My impression? He was sick of her whining and complaining and just shut down. I always refer to him as "that poor bastard."
She has made a cuckold ( ? ) spelling? out of him, by juggling all her "boyfriends" and yes,feels entitled to these friendships because he "never compliments her."

She actually told my H that she " pivots" toward happiness and does whatever she wants because that is the only way to be happy in the world. 
She also sent my H a CD by some motivational? Speakers named Esther and Jerry hicks. Anybody ever heard of them? Apparently this is where she gets her ideas on going after what you want. Ruining other lives is just collateral damage to her. 
Man, I hate women like that. Can't even imagine what he ever saw in her... Sad.
_Posted via Mobile Device_


----------



## Cosmos (May 4, 2012)

I would think that she's open to having EAs in committed relationships.

I knew a woman once who told me that when she was feeling unattractive, unbeknownst to her partner, she used to go on dating sites to get her ego stroked. She also had a string of male friends who she kept in the wings for texting and chatting when she needed a boost. It was an added bonus if the text/chat friends had partners, because apparently their jealousy further affirmed her 'worth' as a woman...

A very dangerous way to go on, IMO, because I have little doubt that this woman's need for attention from the opposite sex had the potential to turn physical should her sex life be going through a dry spell. Her attractiveness to men defined who she was, and she was an addict for constant definition...

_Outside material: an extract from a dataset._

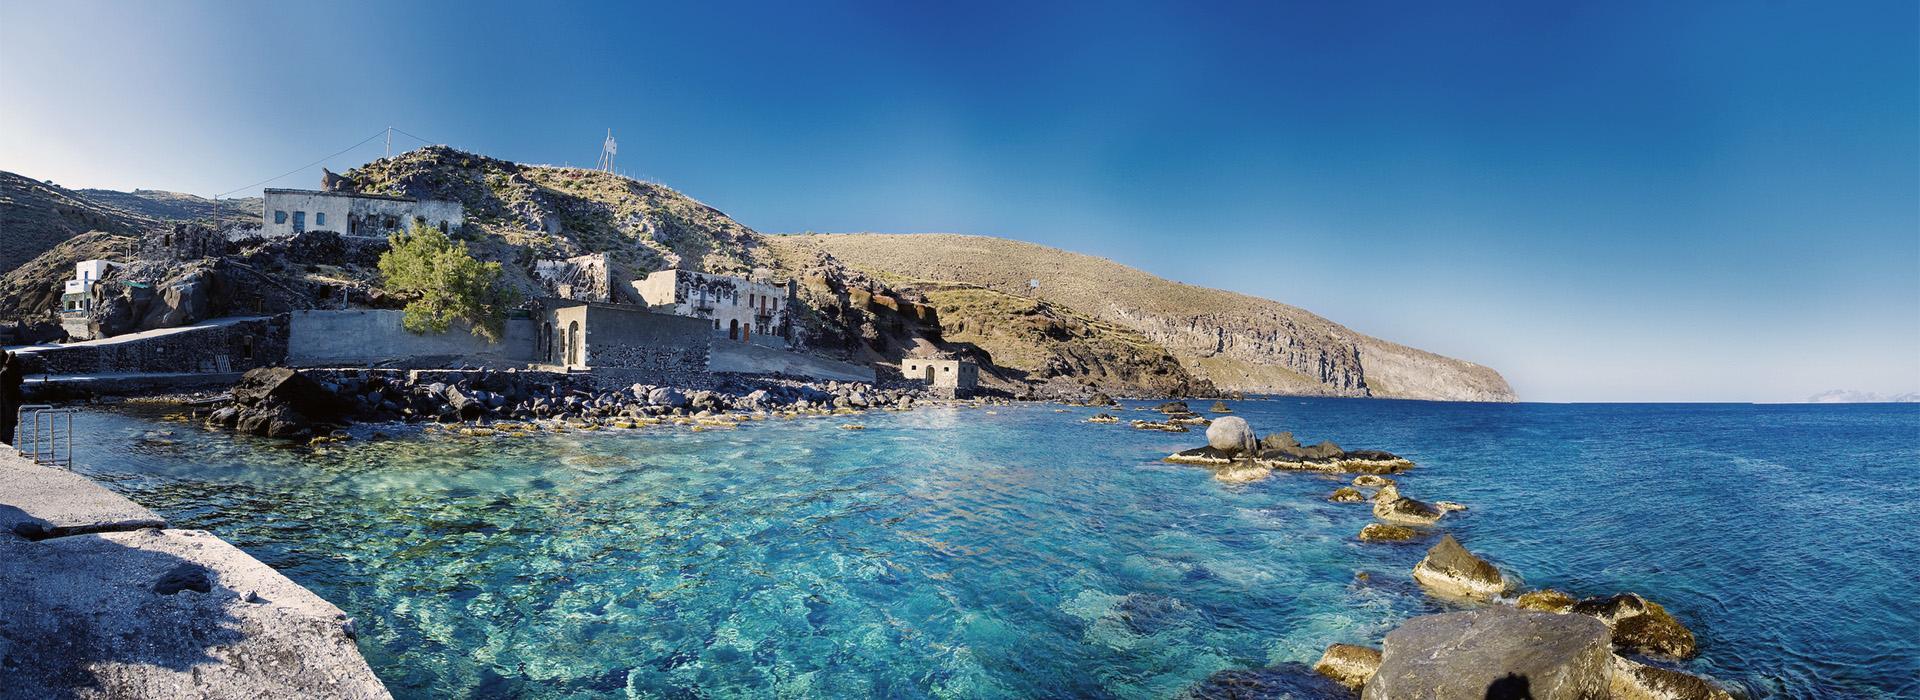 Ниссирос – остров-вулкан, имеющий семь кратеров

Boundaries are vital to any healthy relationship, IMO.


----------



## Caribbean Man (Jun 3, 2012)

brokenhearted2 said:


> Yes,you're absolutely correct.
> The OW in my H EA ( my only frame of reference) seemed to have a really nice guy for a husband, but from what she told my H, he was dull. Well there you go! Imagine the nerve of him ... Being DULL?! Well it just forced her, forced her, to seek her happiness elsewhere!
> 
> My impression? He was sick of her whining and complaining and just shut down. I always refer to him as "that poor bastard."
> ...


Sorry for what happened to you, and I sounds like you're hurting badly and trying to figure out why.

But I will say this.
It's a mad, mad world we're living in.
I know the type of person you are talking about. I have had my encounters.
They are very manipulative and self centred, they are like an emotional vortex, sucking in anything that ventures too close.
They take pleasure in ruining other people's lives, and they see absolutely nothing wrong in their actions.
All they are concerned with is their " happiness."
They can be easily recognized by the trail of destruction they leave behind in their path.


----------



## KJ5000 (May 29, 2011)

RunFromYourWife said:


> LOL...hilarious...and I appreciate the insight.
> 
> I don't see women as not being able to fend off a man, but the problem is as you stated. When a woman starts putting more energy into that friendship than they are into the marriage, at some point the feelings are just *there* and nothing can be done about it. The woman then has this *connection* to another man, and it will be stronger than with the husband because she spends more time ~connecting~ with the friend than with the husband. This is the problem my wife and I have historically had, which lead her to cheat before. I think it is unreasonable to expect our spouses not to have friends, but should the boundaries strictly limit the opposite sex are my current thoughts...


I think many women have a feigned naivete when it comes to being aware of a man's *true* intentions about a friendship. - _They know but they don't know_.-

A man almost certainly befriends an attractive woman because well..
he's attracted to her and would like a sexual or romantic relationship. It's an inconvenient truth for some married women to acknowledge that.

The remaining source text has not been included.